Now, in our research we bring all of these issues together and we suggest that there is a systematic undermining of women's sense of their self, of their sexuality in order to undermine their sense of political commitment, their sense of belonging to a community and when women left detention, went out of detention they experienced a great deal of silent pain which they were not able to express and very often they also experienced a kind of secondary victimisation.

Now, one of the things that we want to talk about in our submission is what we call the ambiguities and the silences which surround the experience of sexual violence. I have already touched on these, but I would like to develop a point. In the case of the experience of sexual assault at the hands of the police there should be no ambiguity, but, of course, we have found that there is, in our experience and it is, perhaps, not too difficult to understand the shame that is experienced there. It is when we move from the terrain of State action to the more private realm where we need, I think, to look a little bit more carefully at what has been happening in South Africa, the experience in the townships and in the exile camps where silence and ambiguity have also asserted themselves.

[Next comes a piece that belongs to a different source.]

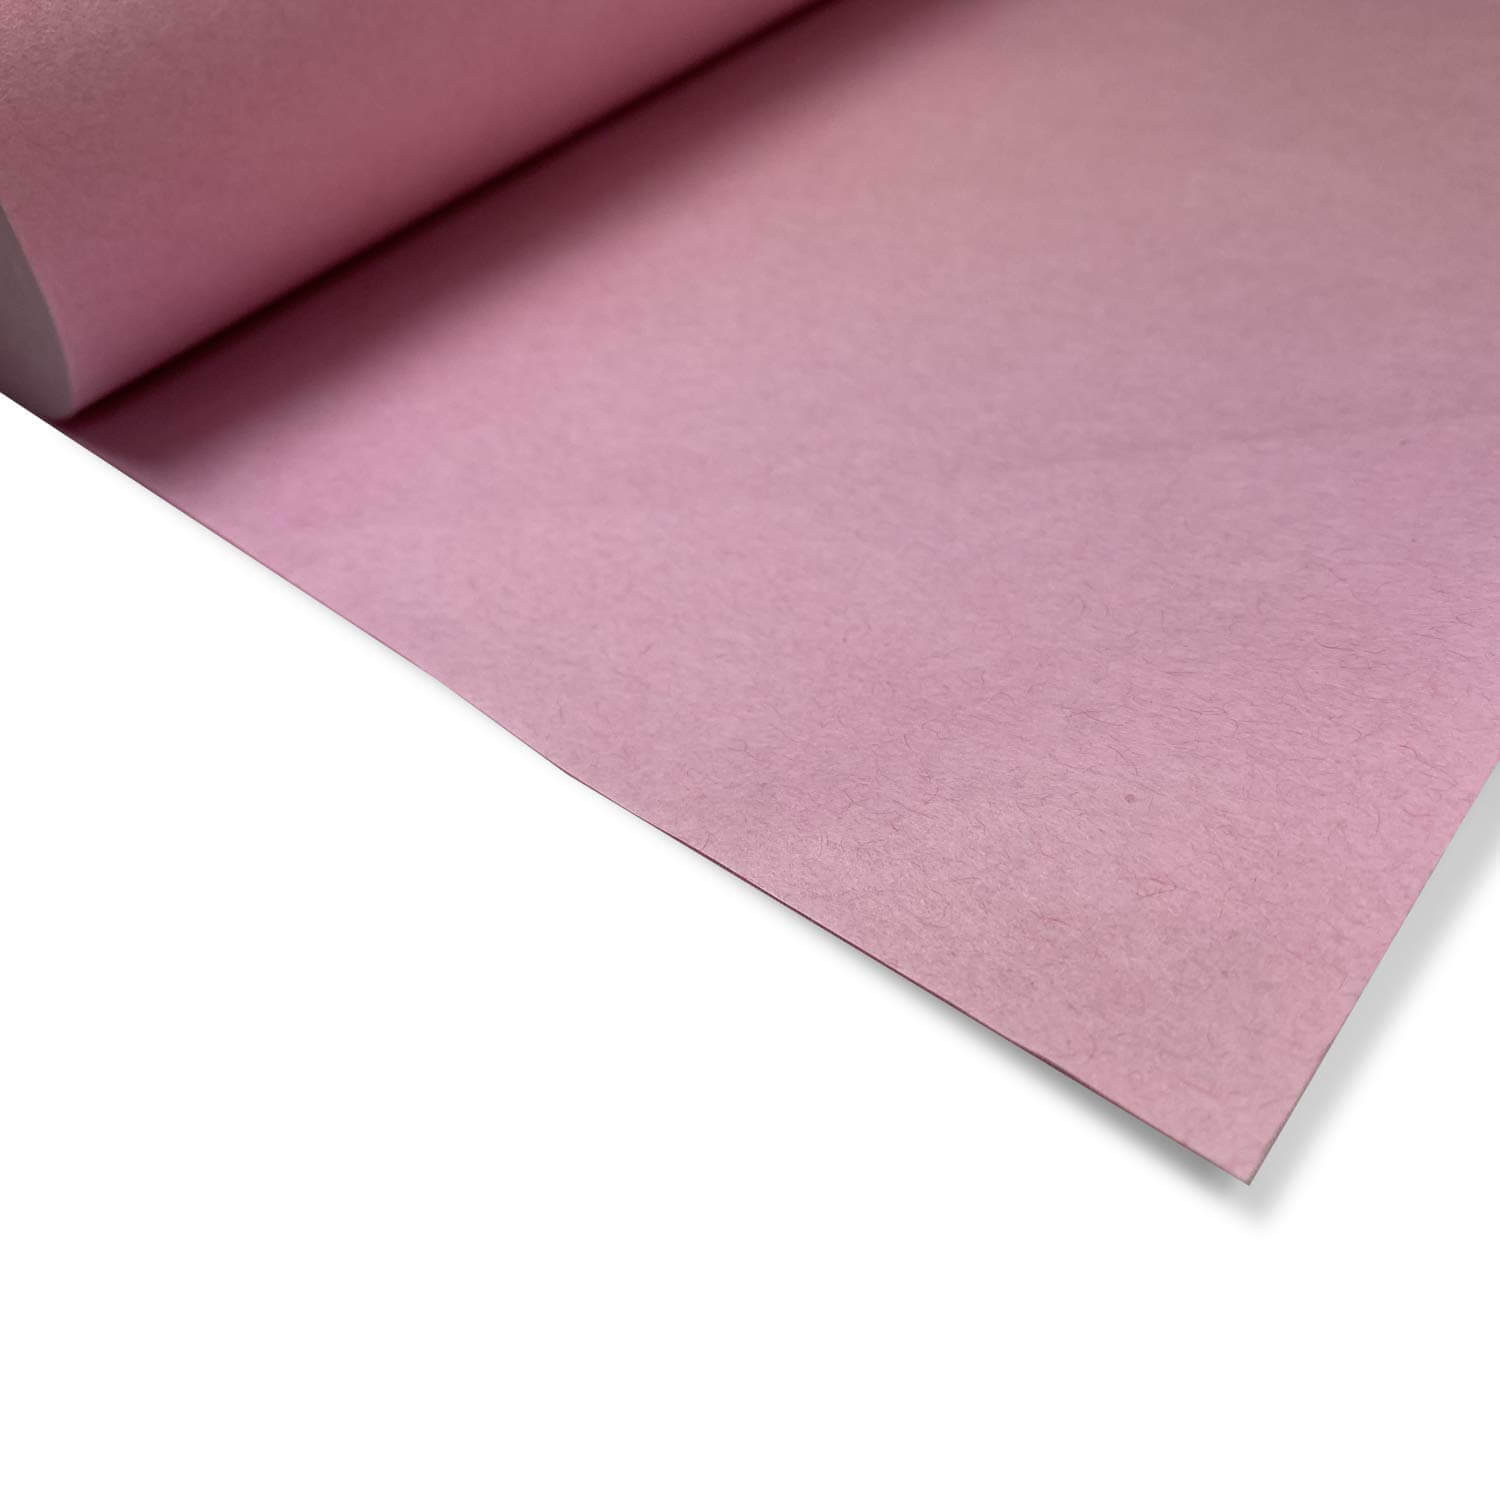 Pink / Peach Butcher Paper Roll - WebstaurantStore
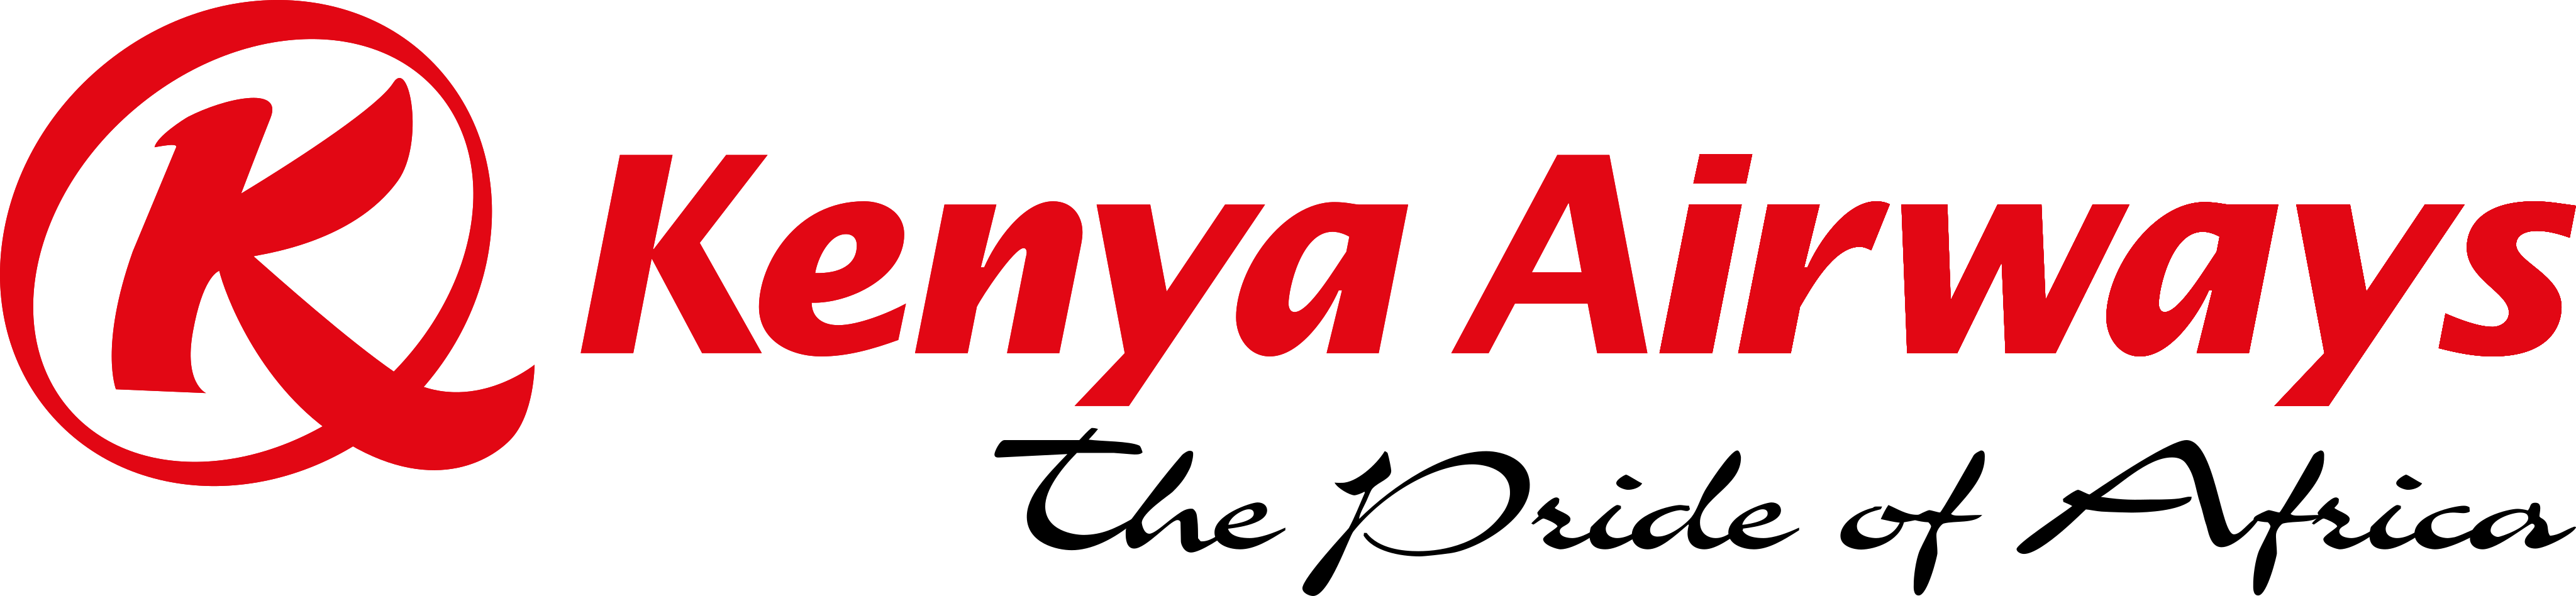 kenya airways logo - Kenya Airways Logo

We do not want to leave a legacy in which past behaviour of a violent, yet sexual nature is excluded from the view of the TRC. I think yesterday we got our first glimpse of some of the issues that we want to bring to the fore. In the case of sexual assault there is a link between domestic violence and political violence and we need to understand that there is a continuum of behaviours which cannot be condoned and which we need to come out and stand firm about. We would like to raise the issue of rape as a particular kind of crime against humanity. Common in all situations of war and civil war, but it is also a crime which is common in times of peace, in situations of peace and in our society it is a particularly wide spread occurrence during this period of transformation and transition.

It cannot be dissolved from the personal and, in our view, it cannot either be disconnected from the whole way in which women are conceived in civil society, as subordinated often treated as secondary citizens and so the question arises, should the crime of rape receive amnesty? The TRC needs to send a message that this cannot be tolerated at any time. We feel strongly that the need, that we need to remove the ambiguity and the silence about this experience and take a moral stand to condemn it in the highest possible terms. It is not enough for an organisation or a political party to report that sexual violence, including rape, occurred as did the African National Congress.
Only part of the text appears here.